HIV is a retrovirus that causes immunosuppression in humans, and leads to a disease complex known as acquired immunodeficiency syndrome (AIDS). HIV disease is characterized by progressive functional deterioration of the immune system. The treatment of HIV disease has been significantly advanced by the recognition that combining different drugs with specific activities against different biochemical functions of the virus can help reduce the rapid development of drug resistant viruses that were seen in response to single drug treatment. However, even with combined treatments, multi-drug resistant strains of the virus have emerged. There is therefore a continuing need for the development of new anti-retroviral drugs that act specifically at different steps of the viral infection and replication cycle.

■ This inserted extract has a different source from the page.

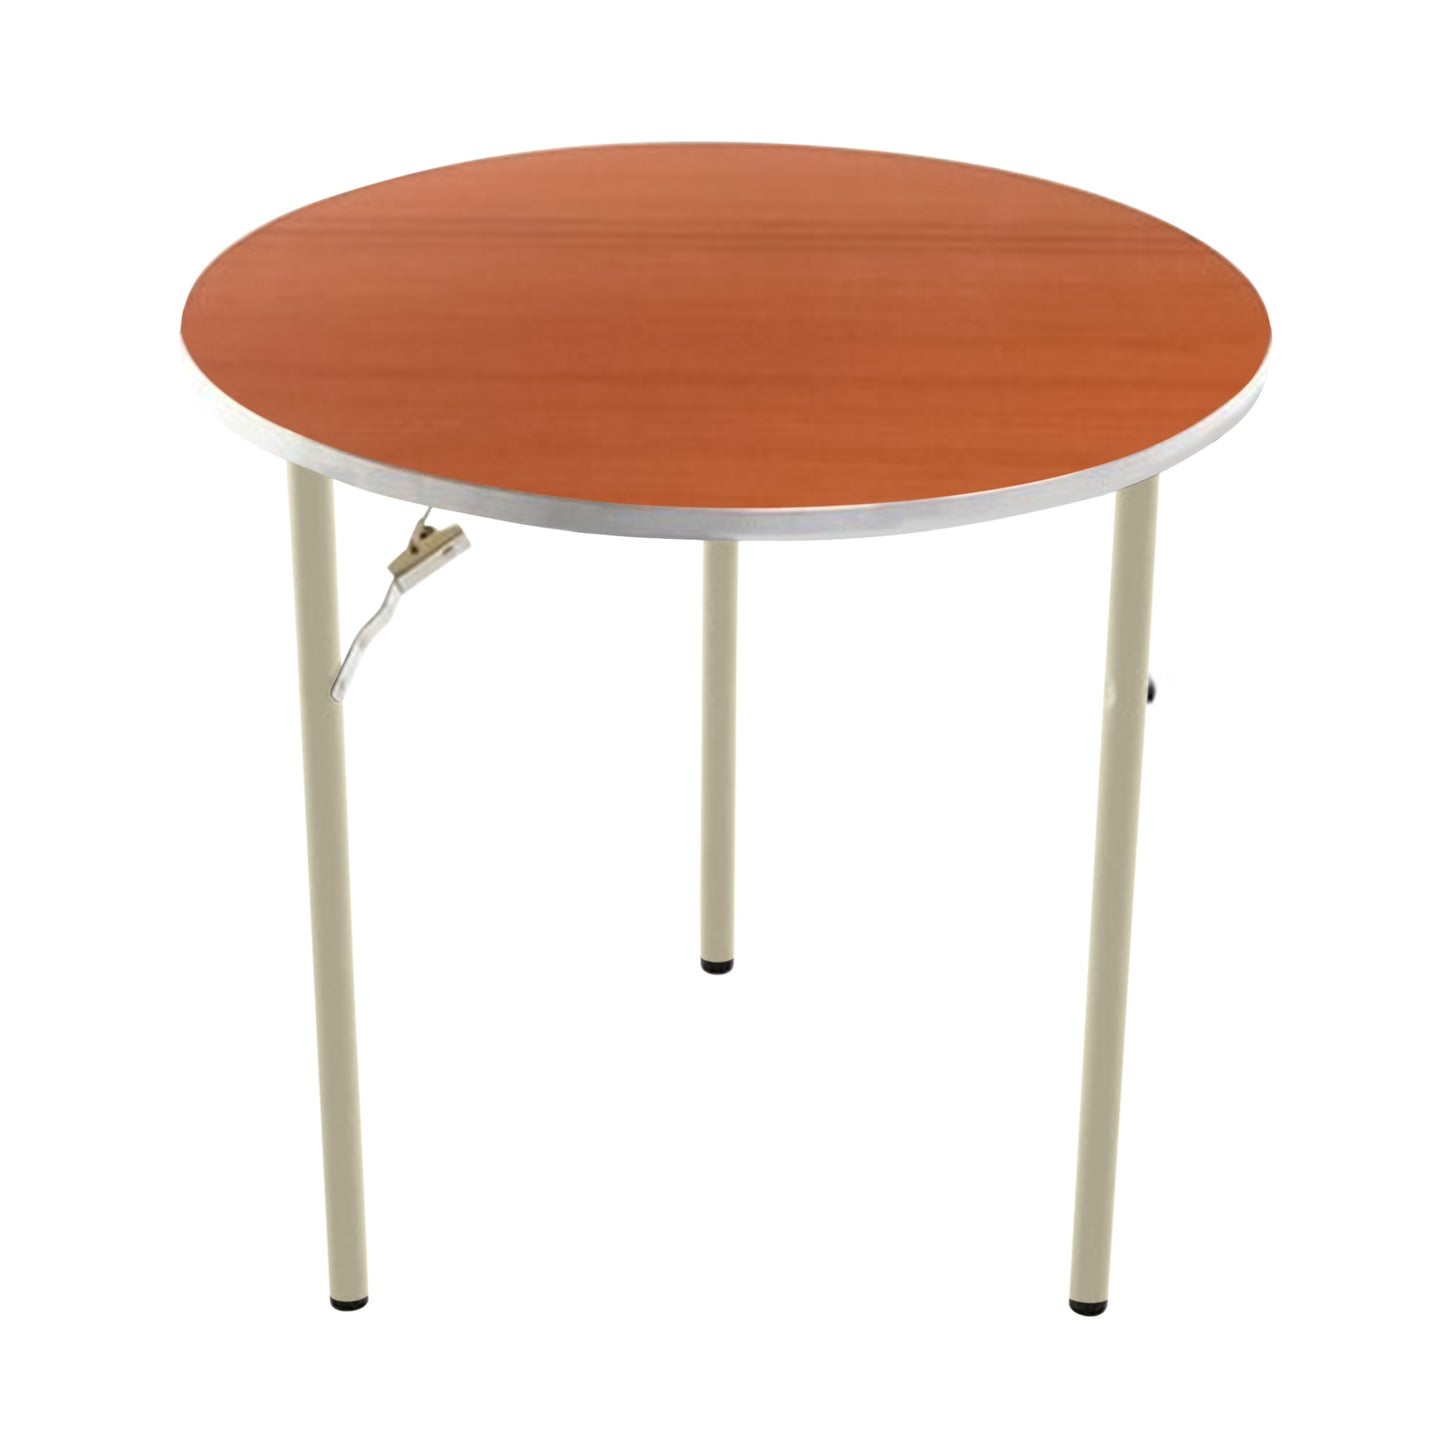 AmTab Folding Table - Plywood Stained and Sealed - Aluminum Edge - Round - 72" Diameter x 29"H  (AmTab AMT-R72PA)

The integrase (IN) enzyme is an example of such a specific target. This enzyme catalyzes the insertion by virally-encoded integrase of proviral DNA into the host cell genome, which is the mechanism by which HIV and other retroviruses are introduced into human T-lymphoid cells. For HIV-1, this process is mediated by a 32 kD virally encoded integrase, having conserved sequences in the HIV long terminal repeats (LTR). Integration is believed to be mediated by integrase in three steps. The first, assembly, produces a stable nucleoprotein complex with viral DNA sequences via reverse-transcription in the cytoplasm of infected cells. Integrase then cleaves two nucleotides from each of the 3′ termini of the linear viral DNA ends which contain a highly conserved CA motif. The third step, strand transfer, involves covalently joining the recessed 3′ OH termini of the viral DNA at a staggered cut made at the host target site. The cleaved DNA migrates to the nucleus as a part of a large nucleoprotein complex, where the integrase catalyzes the insertion of viral DNA into a host chromosome by a direct transesterification reaction.
In vitro assays have previously been developed to identify integrase inhibitors (see, e.g., Mazumder et al. “Retroviral Integrase: A Novel Target in Antiviral Development; Basic In Vitro Assays with the Purified Enzyme,” in: Antiviral Methods and Protocols, Kinchington et al., Ed.; The Humana Press, Inc.: Totowa, N.J., 1999, pp. 327-335; Marchand et al., “In vitro human immunodeficiency virus type I integrase assays,” Methods Enzymol. 340: 624-633, 2001; and Chow, S. A., “In vitro assays for activities of retroviral integrase,” Methods 12:306-17, 1997), and have permitted the discovery of diverse classes of drugs that inhibit integrase (see, e.g., Pommier et al., “HIV-1 integrase as a target for antiviral drugs,” Antiviral Chem Chemother 8:483-503, 1997; Neamati et al., “Design and discovery of HIV-1 integrase inhibitors,” Drug Discovery Today 2:487-498, 1997). However, the drugs discovered by these assays have not been highly selective and potent inhibitors of the integrase enzyme. Many of these drugs have additionally been non-selective inhibitors of reverse transcriptase or HIV protease, which limits their usefulness in combination therapy directed to different specific steps of the retroviral life cycle. Moreover, a significant number of patients fail to respond to treatments with reverse transcriptase or HIV protease inhibitors, and viral resistance remains a major problem. Hence, there exists a need for integrase inhibitors that can be useful for acquired immune deficiency syndrome (AIDS) therapy.